Before anyone let me through the front door, I peered through the big windows. (Not the smartest thing to do in Texas.) The house was empty, abandoned. My brain didn't say house. It said canvas. It said connection. It said yes.
Inside, the house told a different story. Worn out paint. Tired wallpaper. Carpet that had given up. Color palettes from a forgotten era. Every surface begging for rescue. But the U-shaped bones whispered home, art studio/showroom, rental income, community events, and something I didn't quite have a word for yet. I went home and sketched out my vision for every room. I still have that piece of paper. And, today, that vision is nearly 100% realized.
It was my first major reno. Twelve months and some change. A lot of change. Every wall stripped, every ceiling scraped, fresh museum white paint, new floors and lighting throughout, four bathrooms gutted to the studs and rebuilt from scratch, kitchenettes built into the Airbnb units, a screened porch, native landscaping, and more trips to the tile shop than I will ever confess to making. I picked every single material myself, room by room, obsessing over every detail, making it up as I went along. And It wasn't without its challenges. From living in a paint-fumed tent straight out of Breaking Bad to learning on the fly what it means to be your own designer and contractor.
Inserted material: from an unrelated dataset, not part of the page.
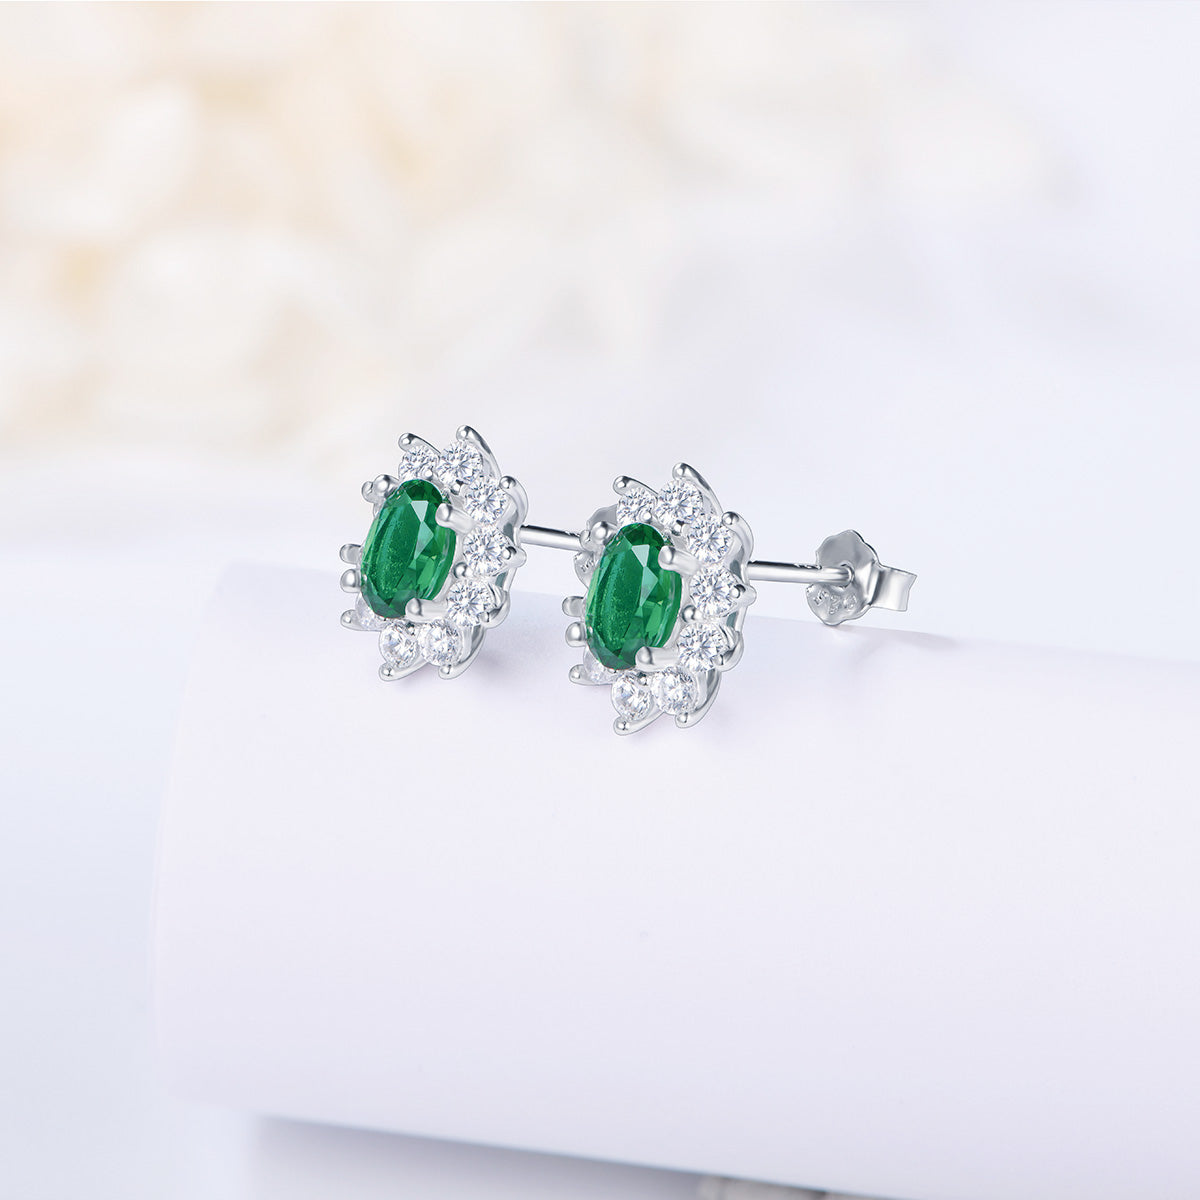 White Gold Sun Flower Full Stones Stud Earrings with Oval Brilliant Cut Emerald Gem
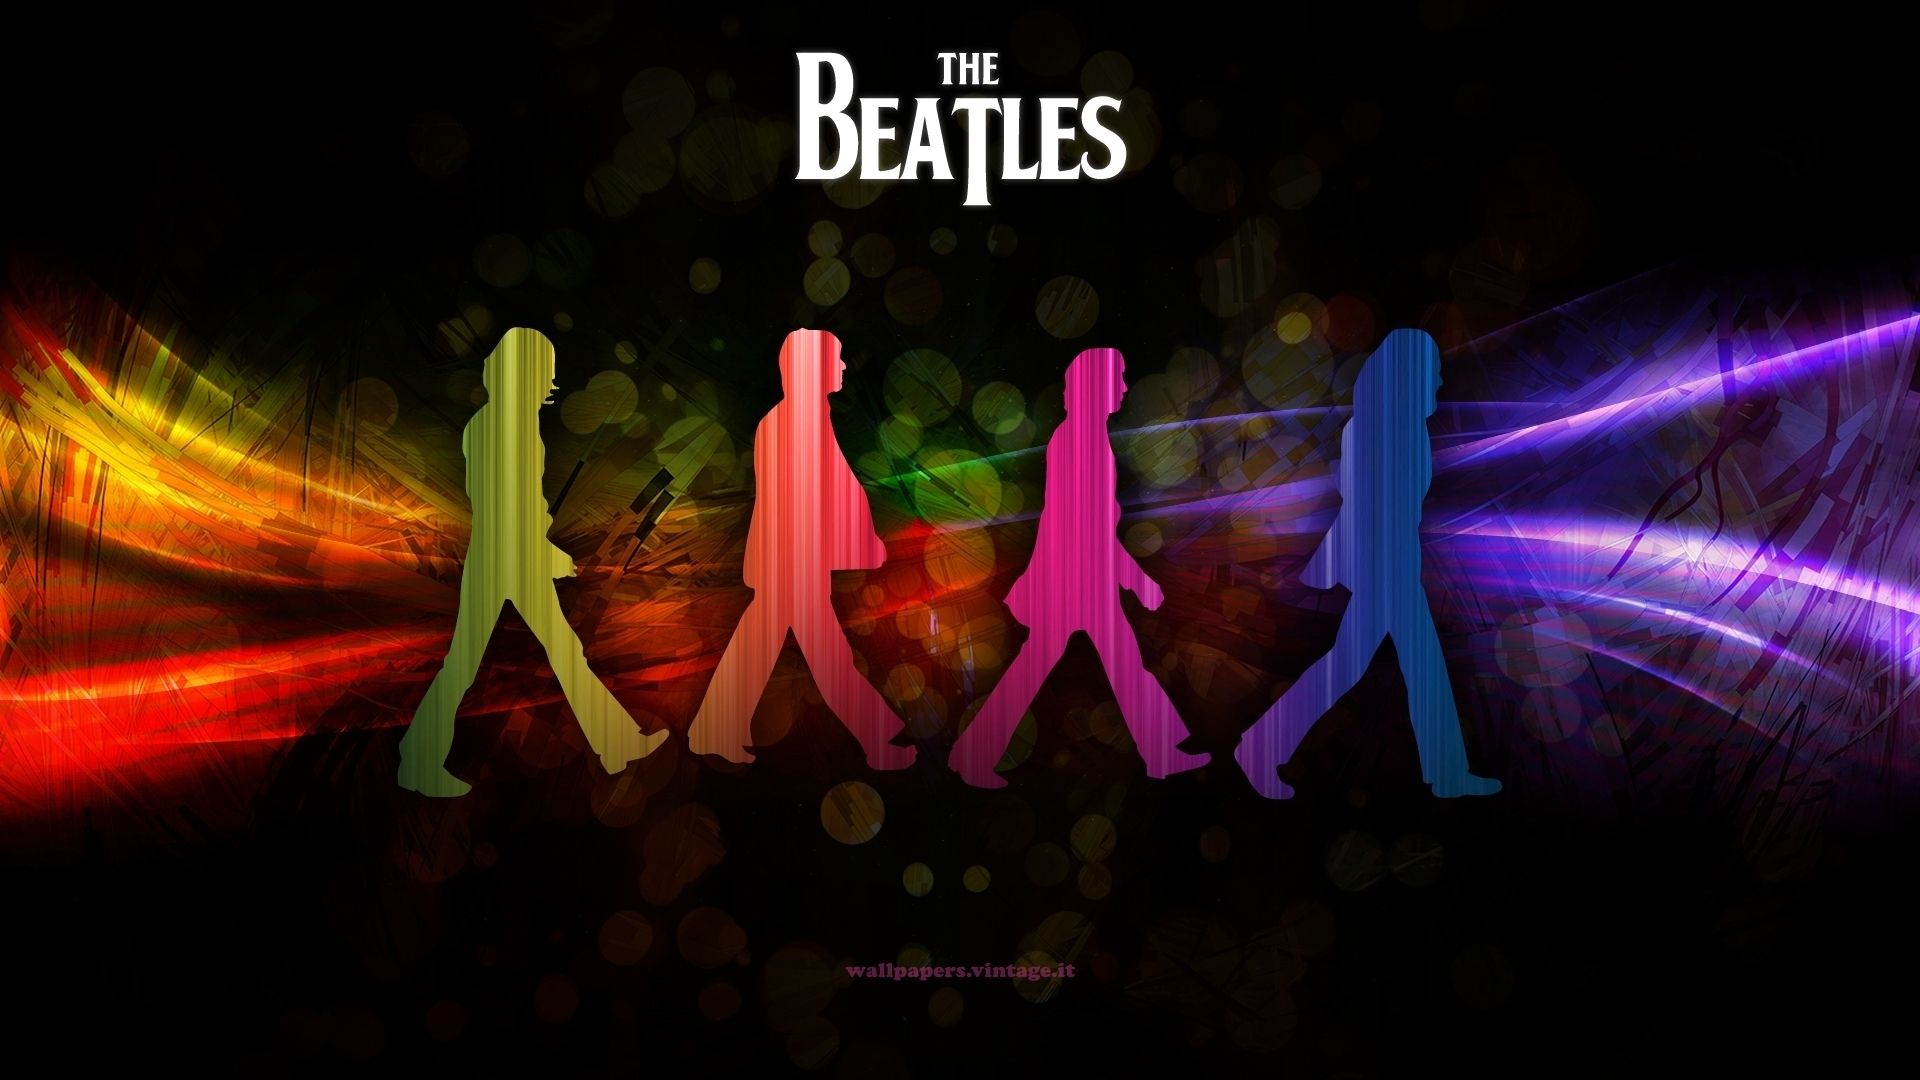 Beatles 4K wallpaper for your desktop or mobile screen free

A local subcontractor ghosted me after the bathrooms were already gutted and after he communicated that we were three times over budget. A tile guy made me return four bathrooms worth of high-end material claiming it wasn't up to his standards, then walked off the site after I made a suggestion. In the end, it all worked out for the better.
The house itself was my art project. I wasn't renovating a building. I was making a piece of art you could walk inside and call home. The house became a collaboration before it ever hosted one. Artists came and painted murals on the walls. I painted on the furniture. And somewhere in the process, the entity that had been living in the closet got the message and moved on.